Response to Flash and Gels
When shooting in churches, I'm not so put off by the bluish window light, but more so when my flash color temp doesn't match the tungsten-lit background, and you get that weird mix of daylight, flash illumination, and the amber tungsten lit background. I feel it's better when you can warm up your flash to match the tungsten, and if you get a bluish window light, it's no biggie. I guess I'm shooting for the effect of making it look natural, like when you're there seeing it for yourself.
Nadine Ohara - SF Bay Area/CA 
, Sep 30, 2008; 01:54 p.m.
Response to Flash and Gels
I don't feel the need to gel the flash when using it as fill in sunlight. Toward sunset, maybe, and for shots of people against a strong sunset sky, possibly. This is up to you. Flash K temp is usually pretty close to daylight/sunlight.
As for the windows indoors, I don't do that. I gel the flash with CTO if I want the tungsten light to be less strongly yellow/orange, but I only partially gel, because I like the warmish glow. Most of the time I gel for tungsten at night time receptions in rooms where daylight isn't competing for the dominant light. At day time receptions where there is a good amount of daylight illuminating the room, I don't usually gel at all. You can use flash a bit more dominantly to bring the K temp back toward daylight.
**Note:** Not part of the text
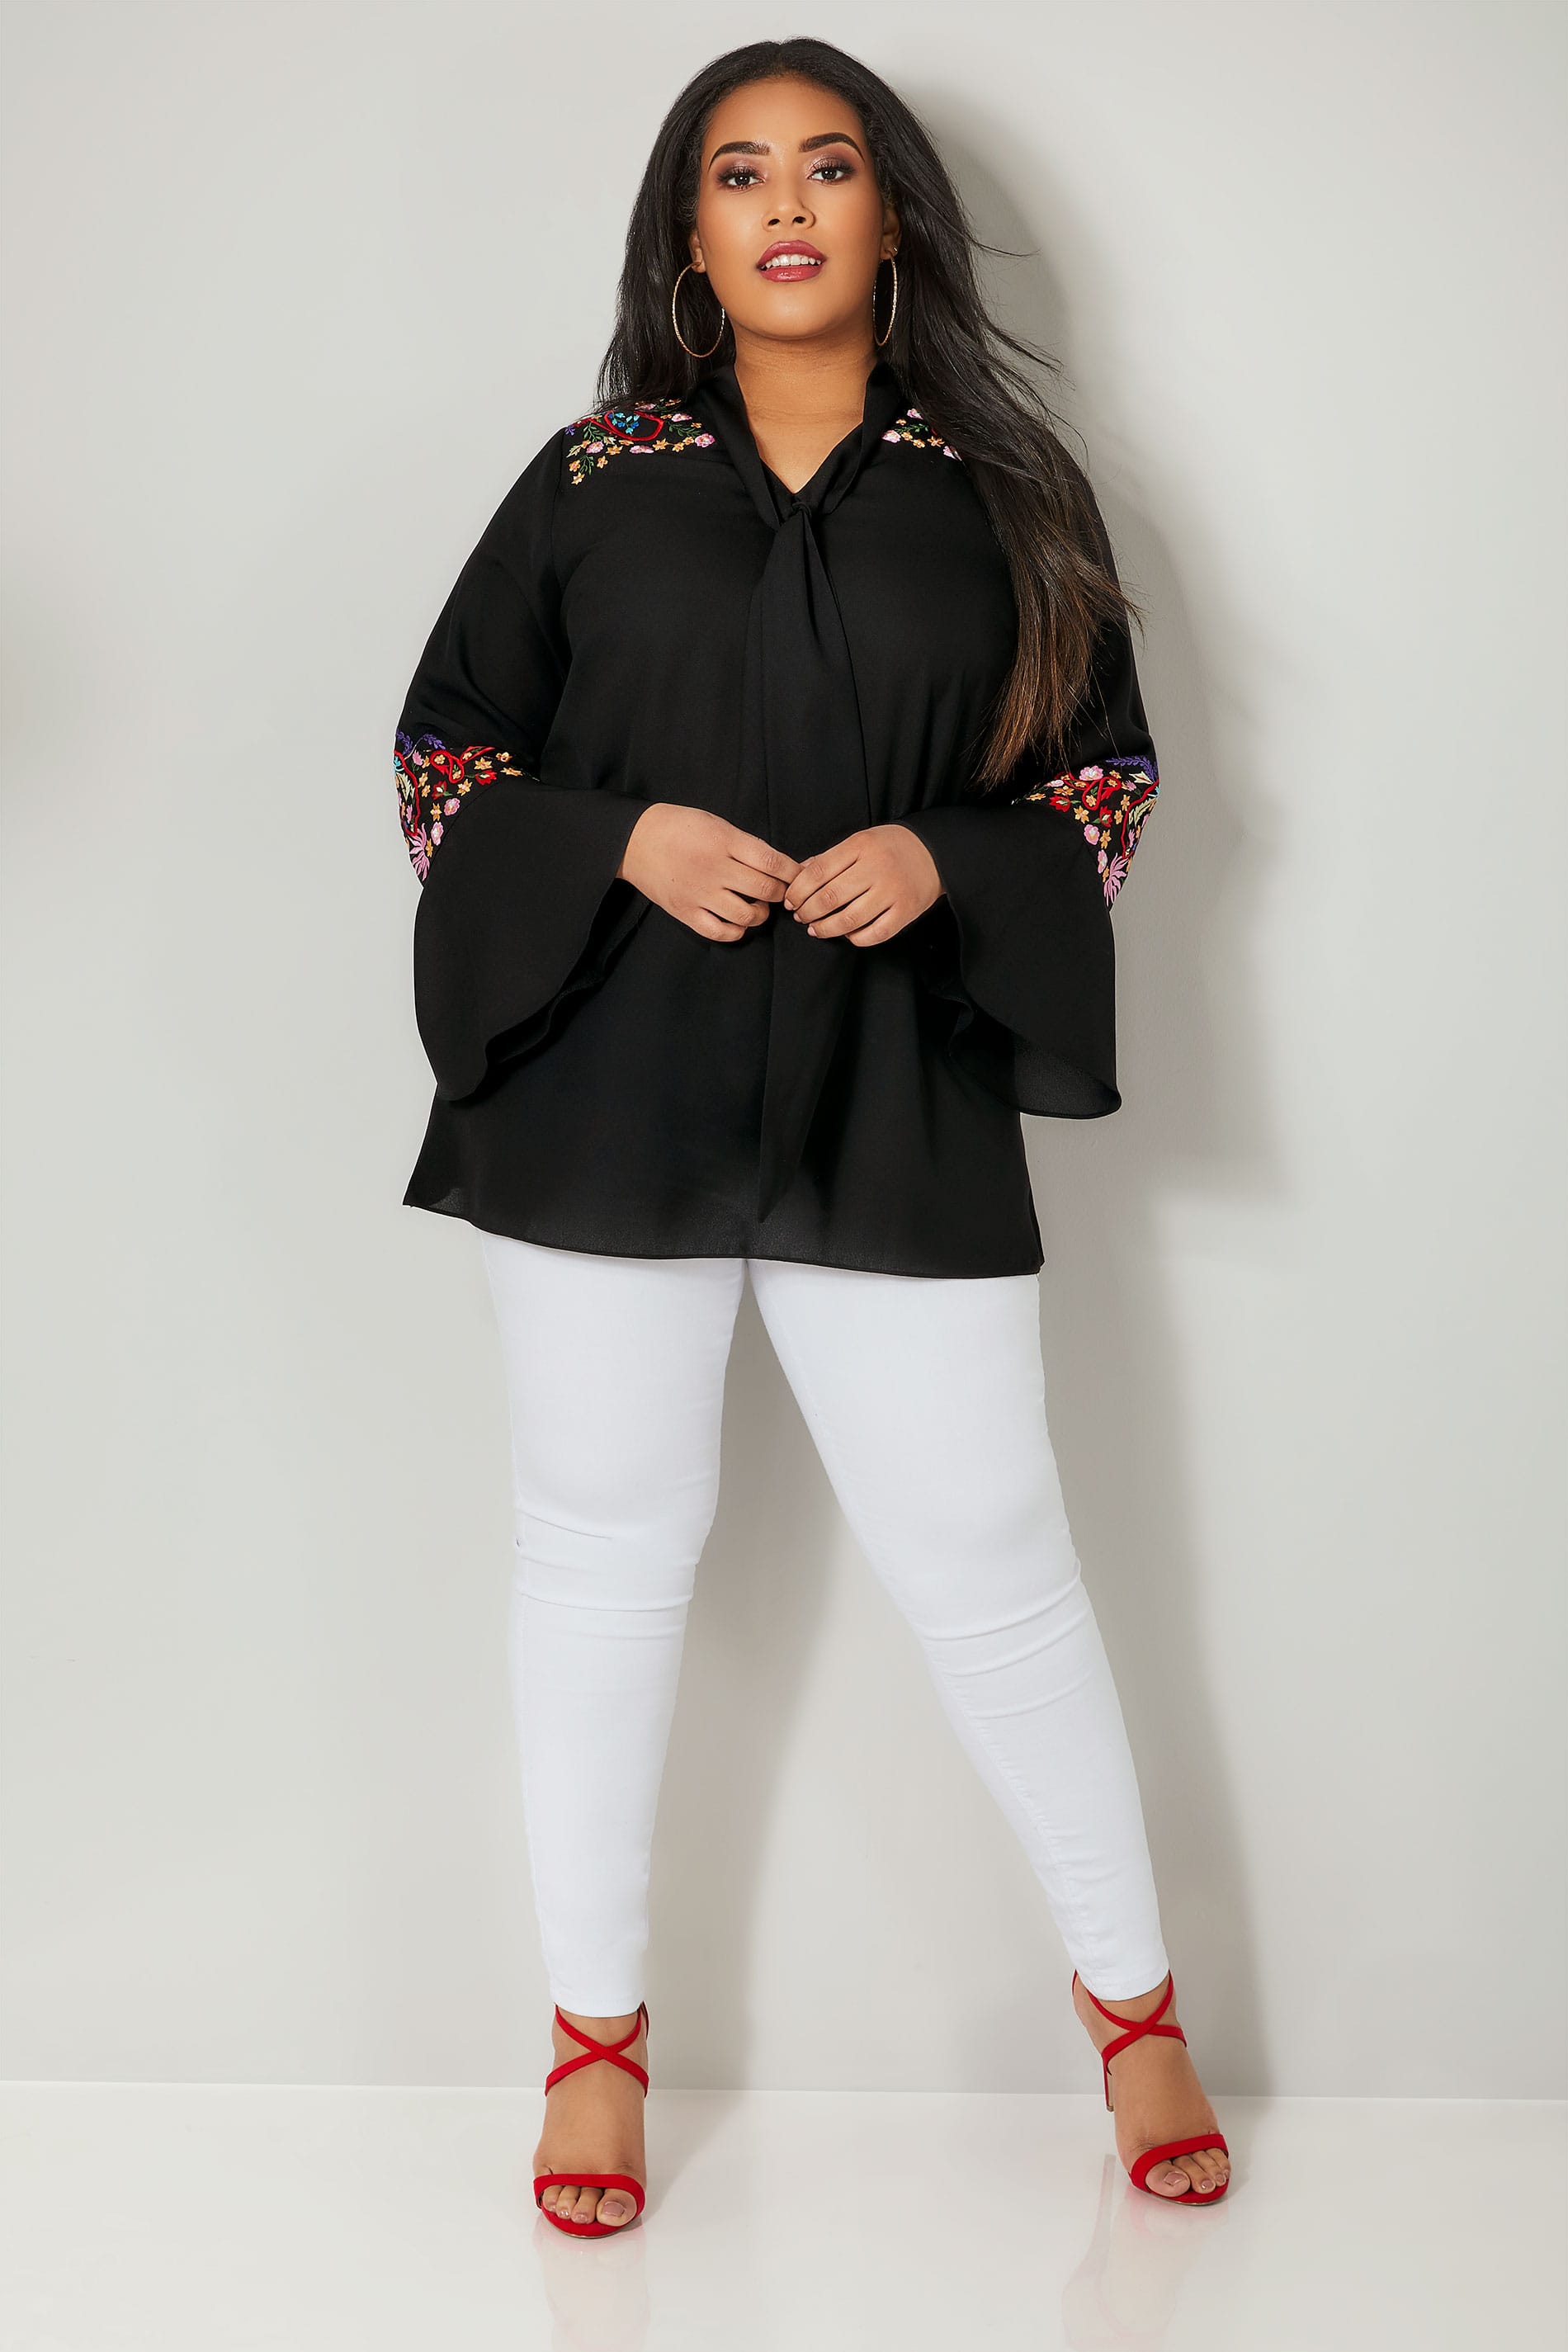 Plus size boutique blouses and tops wholesale Plus Size Wholesale Clothing for Retailers – Blouses Discover the Latest Best Selling Shop women's shirts high-quality blouses

If you get into gelling for backlit windows, I think you'll run into problems with mixed lighting in spots and will have to be ripping gels off and putting them on more than just a couple times during the event.
David Wegwart - Denver/CO. 
, Sep 30, 2008; 02:06 p.m.
Response to Flash and Gels
CTO (orange gel) is for use with tungsten lights, not sun.
A standard flash is balanced to sunlight typically and the color temp of most on cam units is around the 5200k - 5600k mark.
If you are in fluorescent lighting, you will need the green range.
Personally, I only gel for tungsten and even then I only normally use 1/2 CT-S.
Mel Walaszek , Oct 02, 2008; 11:57 a.m.
Where's a good place to buy gel's from?